[Problem details]: Please copy each line of the listing below precisely, excluding the images.

(Dataset section)

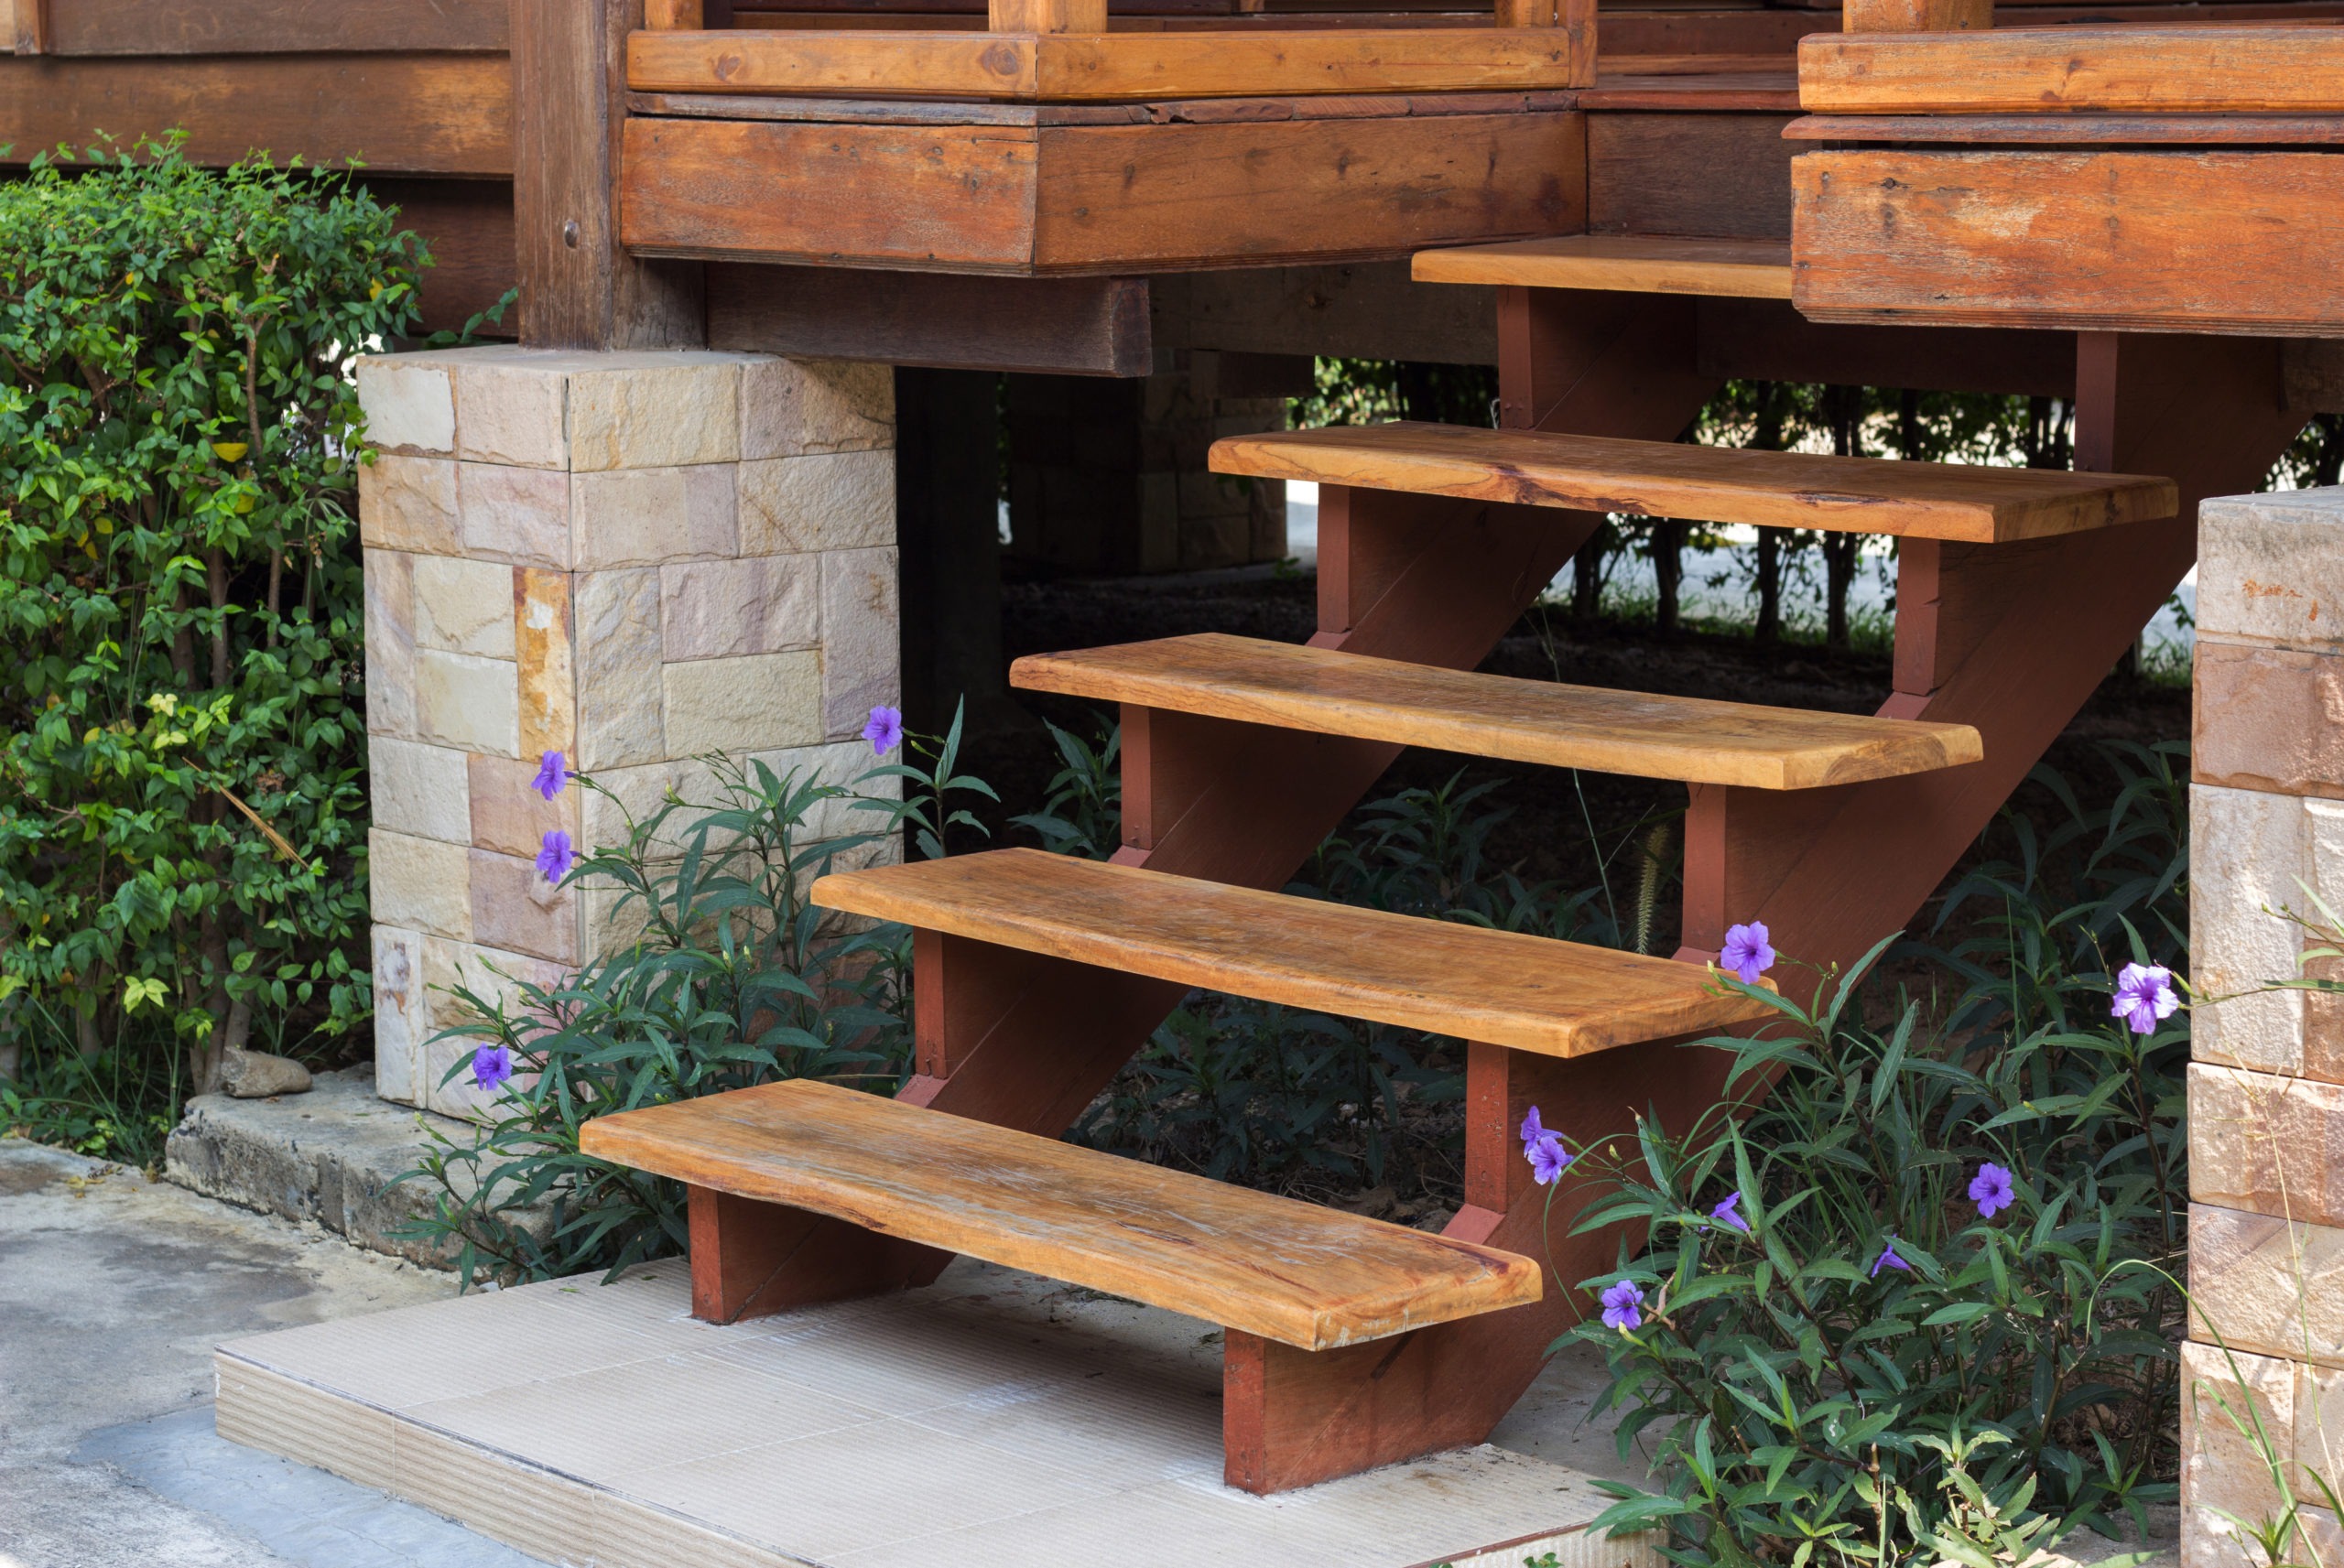 Exterior wooden stairs to house entrance
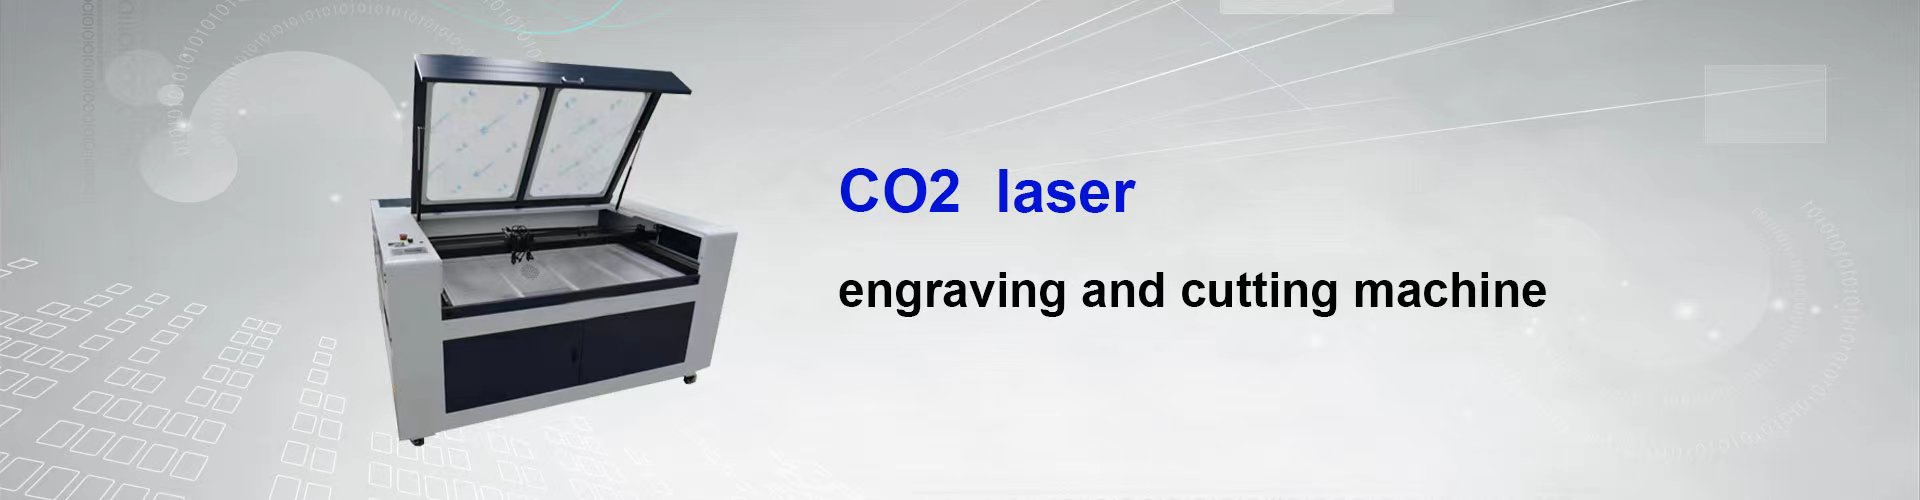 CO2 laser engraving and cutting mahcine 
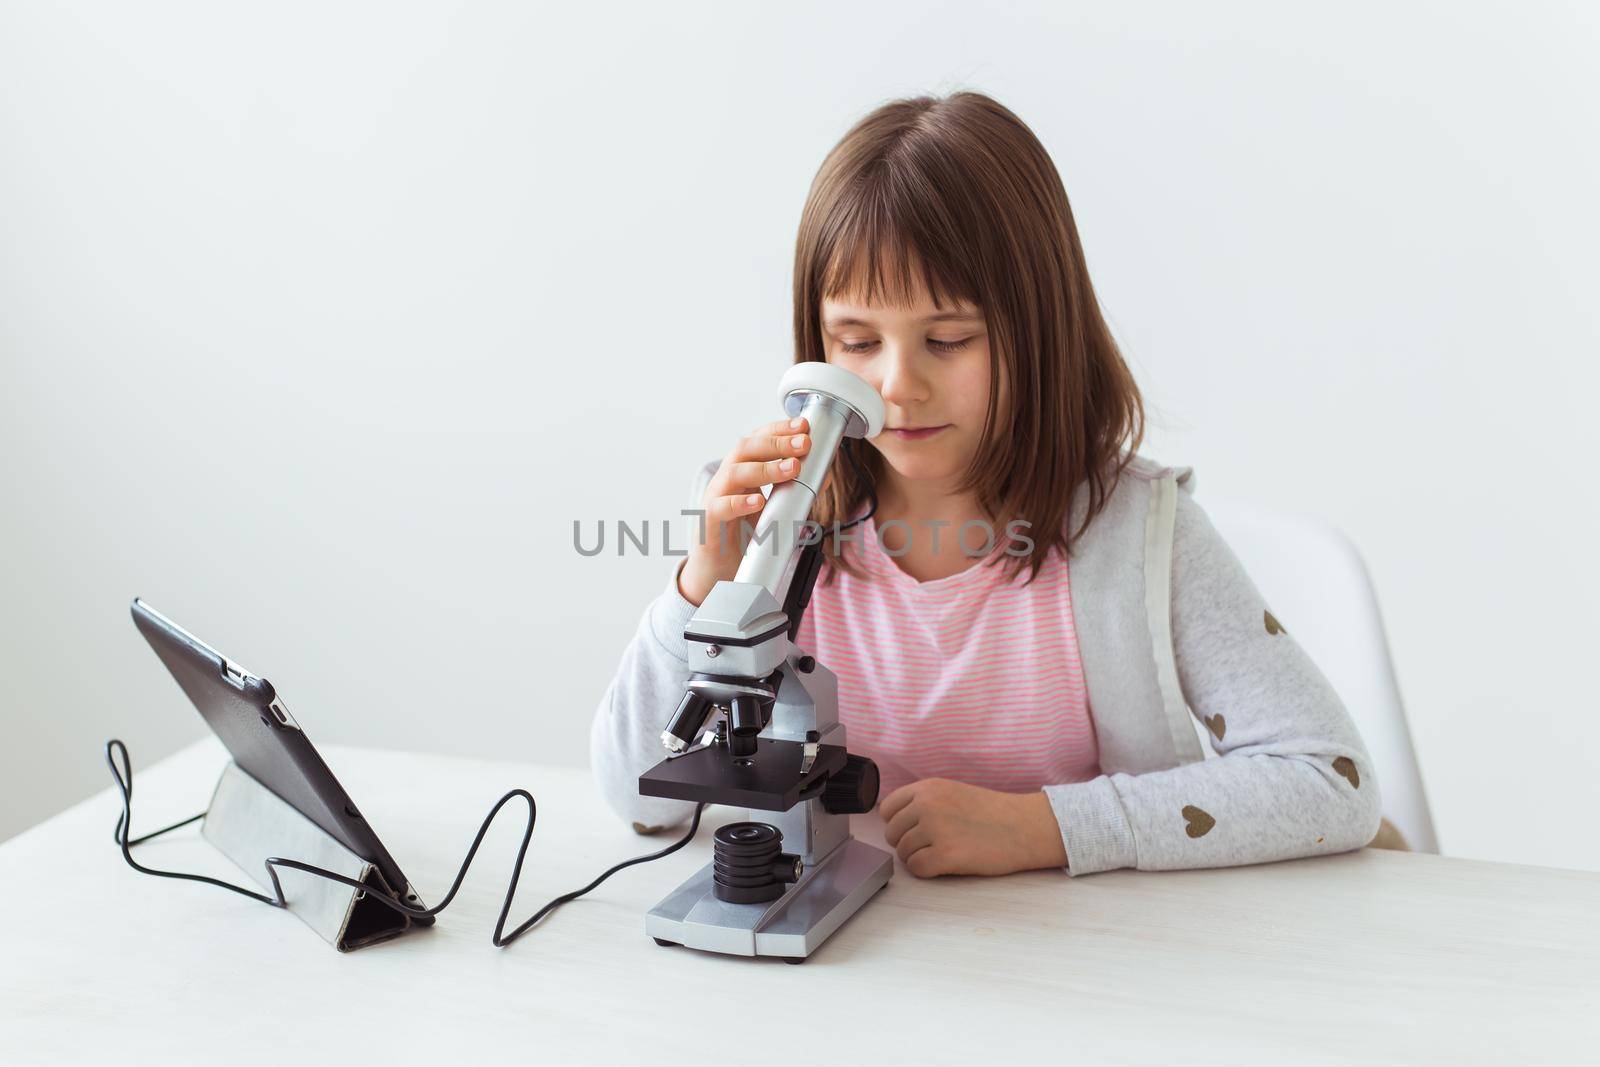 Portrait of cute little child doing homework with a digital microscope Technologies, science and children.

(End Dataset section)

[Result]:
 Exterior wooden stairs to house entrance
 CO2 laser engraving and cutting mahcine 
 Portrait of cute little child doing homework with a digital microscope Technologies, science and children.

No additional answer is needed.